Иногда, особенно в детстве, с Эбиссом случалось странное — он мог долго и ярко представлять себе какое-нибудь событие, какой-нибудь праздник или подарок или чей-то визит, мечты о нем были радостны и сердце остро замирало в предвкушении, но когда вожделенное событие происходило на самом деле — он пугался и молниеносно отступал, прятался или отказывался от подарка; иногда он даже заболевал — словно бы испуг от воплощения мечты в жизнь был настолько велик и реален, что прорывался температурой или болями в животе. Сейчас ему почти уже показалось, что так и случится, что сейчас он пришпорит коня и унесется прочь, не в силах вынести тяжкий груз воплотившейся мечты, но ощущение потока случая было еще велико в нем, и он просто улыбнулся — не так, как улыбался на людях, холодно и надменно, но почти по-детски, тепло и открыто, немного застенчиво и как-то удивительно светло. Он сам почувствовал этот свет, что был в уголках губ и приподнятых в улыбке щеках, в мягком движении длинных ресниц, слегка намокших в тумане и недавних слезах, и оттого особенно тяжелых, выразительных, пленительных; почувствовал мягкую открытость в очертаниях нижней губы — и сам удивился, так он, казалось ему, еще не улыбался в этой жизни никогда. Только те, кому доводилось когда-либо проснуться рядом с ним, пока он еще спал, могли бы подтвердить, что эта улыбка была свойственна ему — но только в самой середине ночи, в особенно сладкий миг сна. Впрочем, все происходящее все более и более казалось ему сном — только во сне могла быть такая застывшая тишина, такое прозрачное утро, такая вереница давно желанных событий и осуществления самых несбыточных мечтаний.

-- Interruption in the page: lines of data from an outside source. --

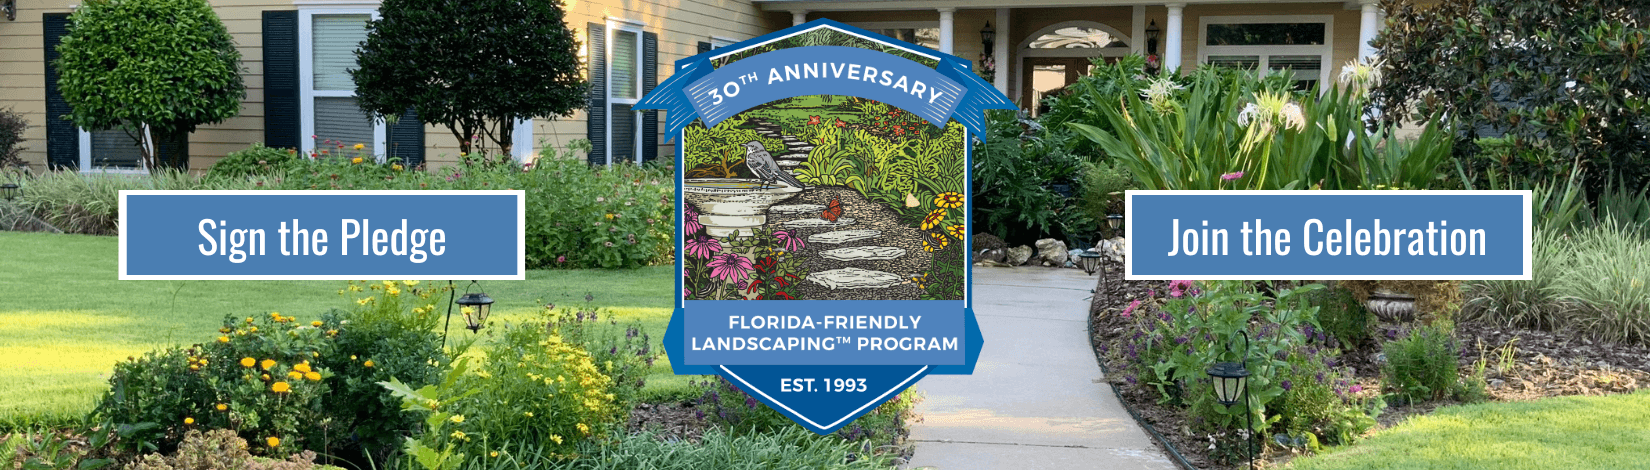 Florida-Friendly Landscaping™ Program - University of Florida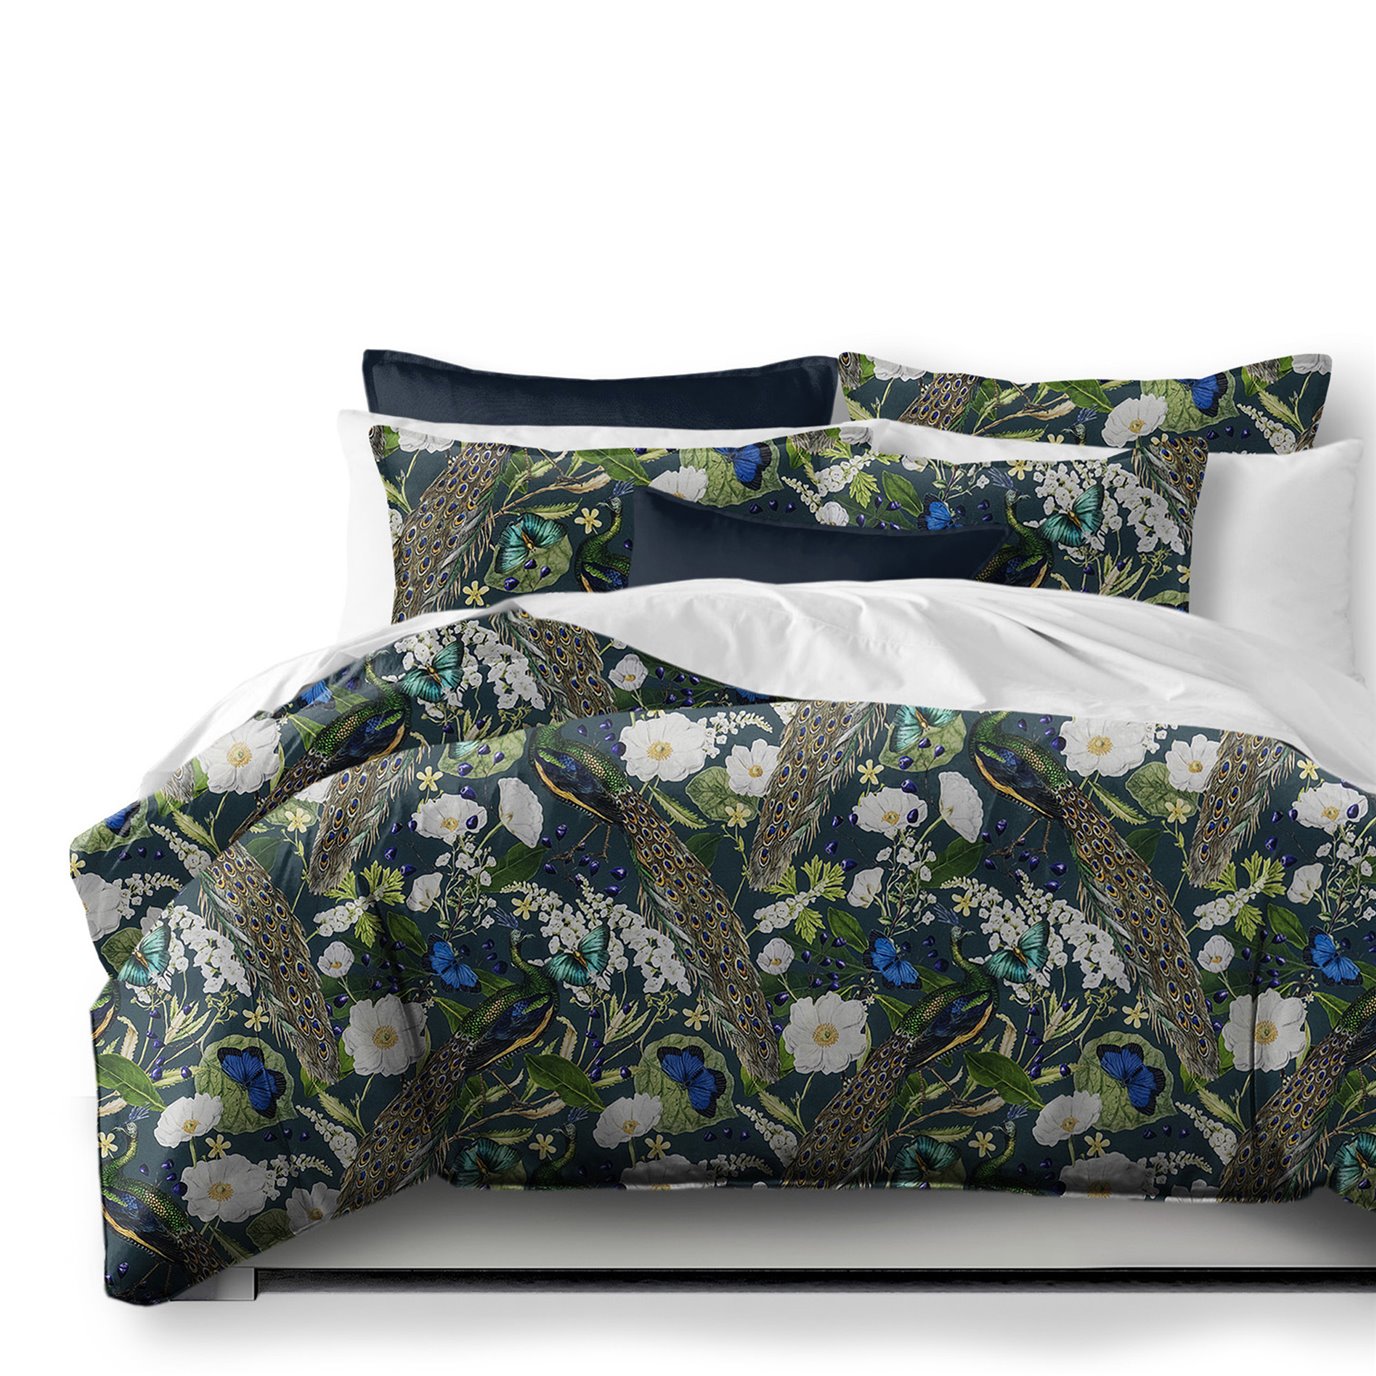 Peacock Print Teal/Navy Duvet Cover and Pillow Sham(s) Set - Size Full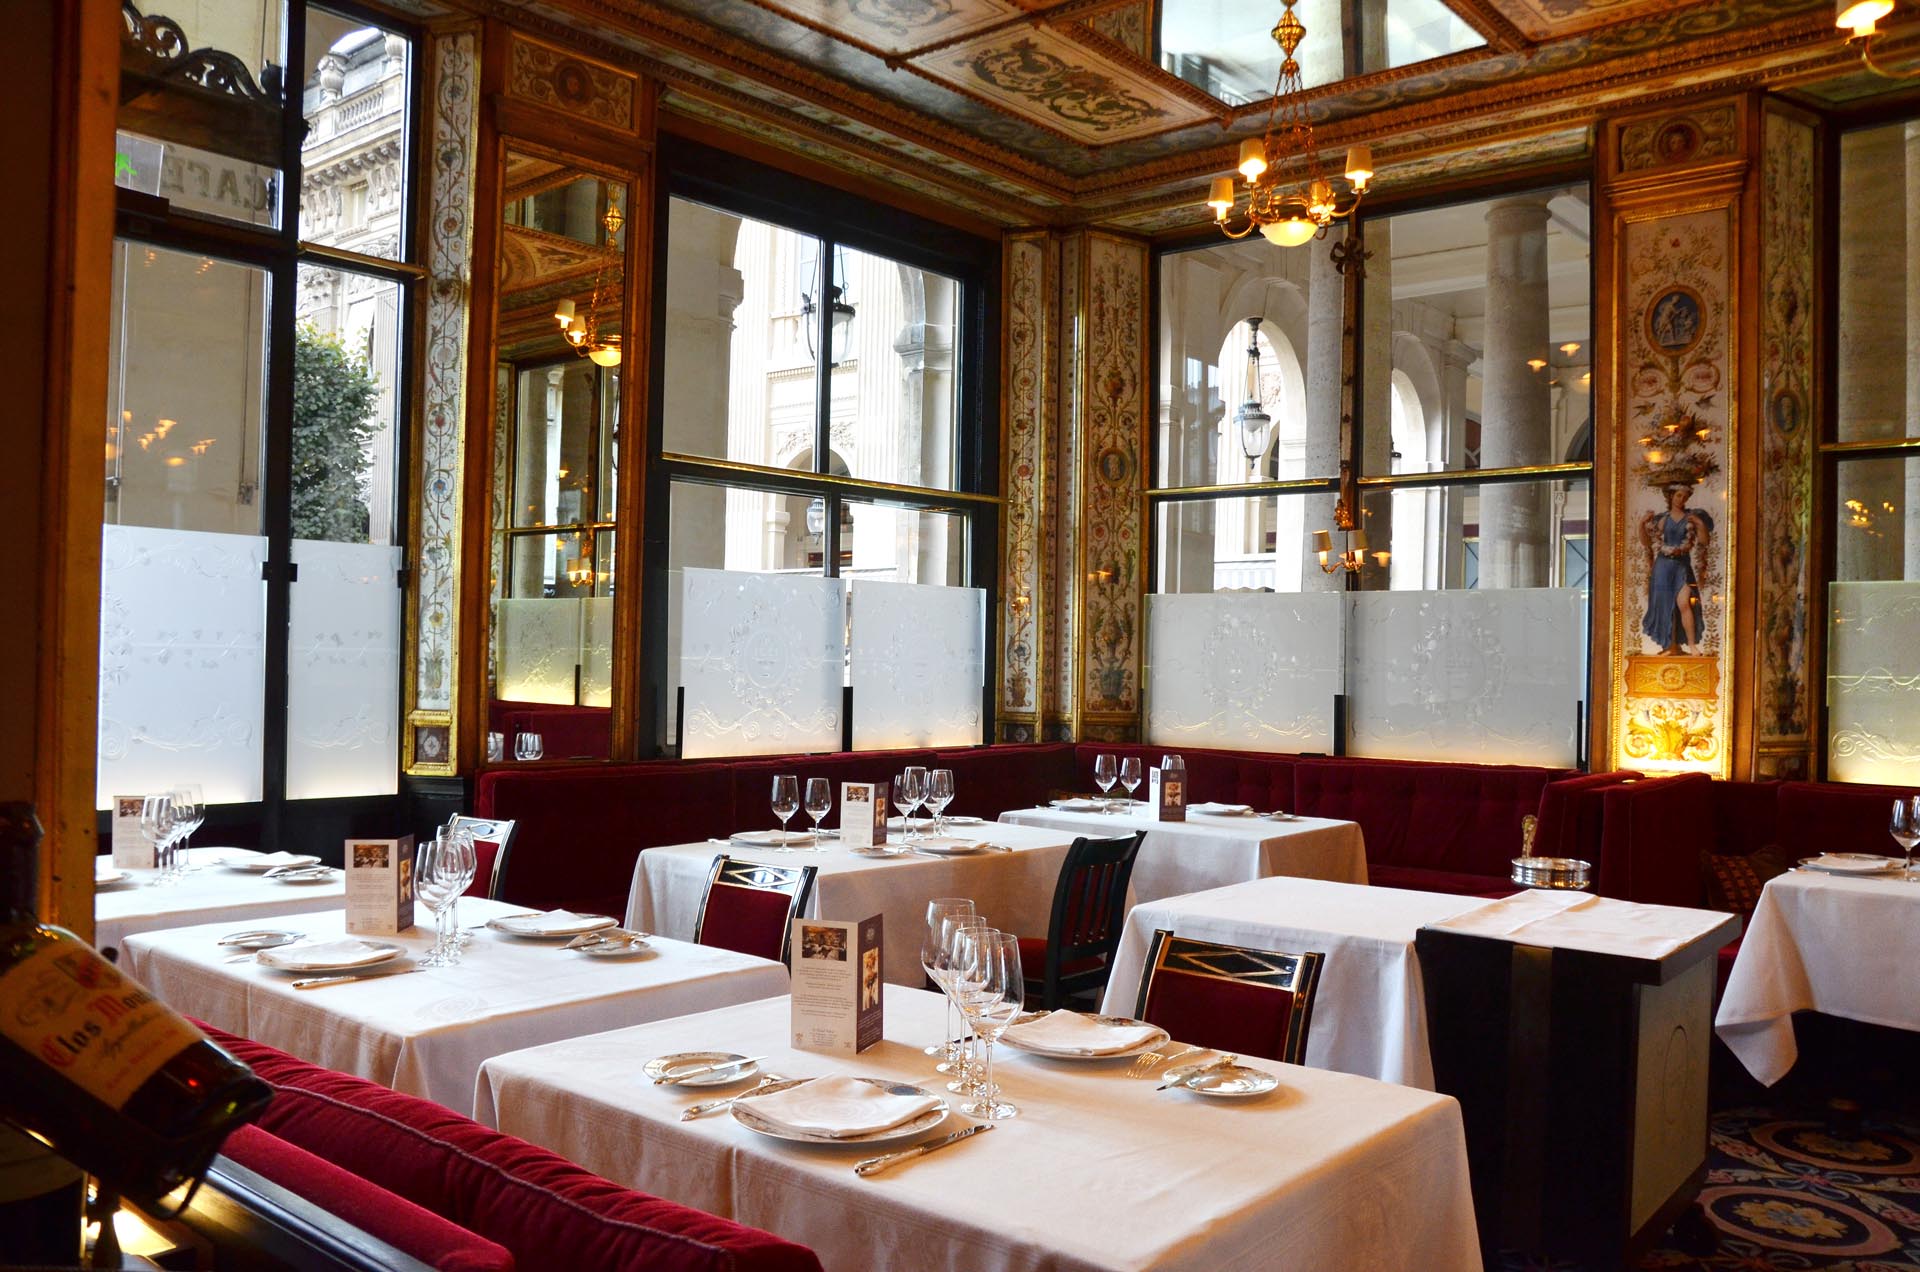 Le Grand Vefour: oldest fine dining restaurant in Paris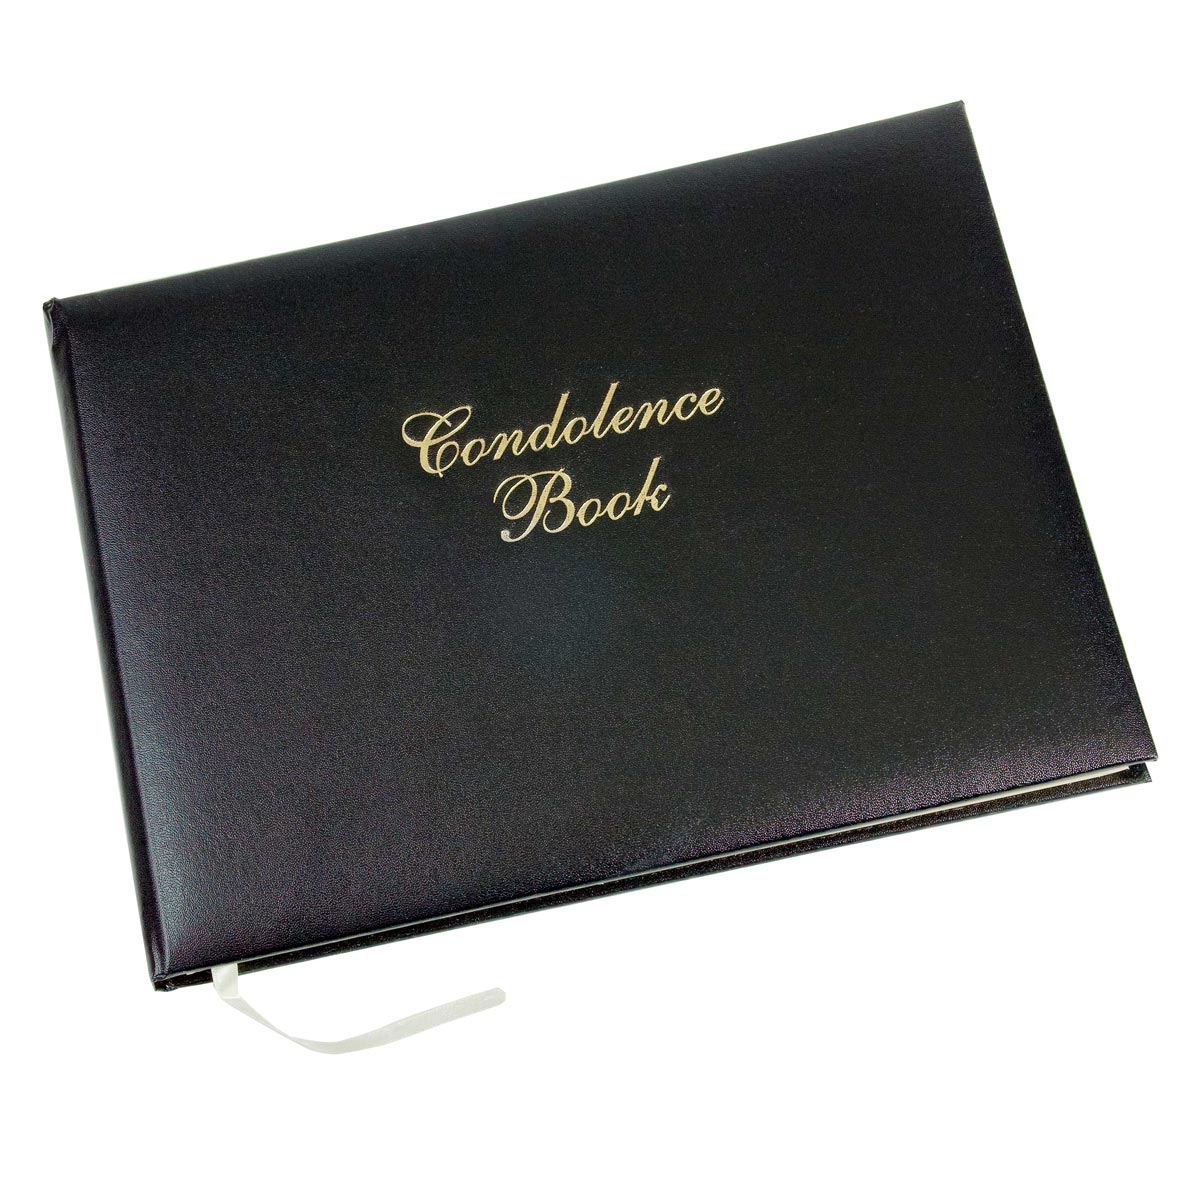 Esposti - Funeral Book of Condoleance Black met presentatiebox EL45

И с легкостью сна, с воздушностью ни к чему не обязывающей предрассветной эротической грезы, которая дарит невесомое ощущение блаженства и тихонько тает с первыми лучами солнца, покатились события, освещенные солнцем, каким оно бывает только в середине осени и только в период между восходом и полуднем, в час смерти туманов и успокоения вороньих стай. Прикосновение взглядов и открытость протянутых друг к другу рук, взаимное обретение губ, отзывающееся для обоих памятью о бывшем когда-то, на изломе весны, и первое, а потому незабываемое, но совершенно непригодное к воспоминанию, словно взгляд на солнце, прикосновение тел — пусть разделенных слоями осенних одежд, пусть почти мимолетное, но такое нужное и важное после всех дней отдельного друг от друга существования, теперь казавшегося совершенно невозможным. Они целовались, стоя под кленом, с которого, не переставая ни на минуту, сыпались яркие мокрые листья, растворяясь друг в друге до такой степени, которая была незнакома доселе обоим — одному, познавшему сотни различных объятий и губ, но не узнавшему в них истинной страсти, другому, изведавшему намного меньше, но каждый раз до безумства и самозабвения влюблявшемуся… Но то, что происходило сейчас, было больше и выше того, что случалось с каждым доселе — и отточенней были прикосновения, и ослепительнее страсть. И они тонули друг в друге без сожаления, словно не зная, что таких моментов Судьба заготовила им еще очень и очень много.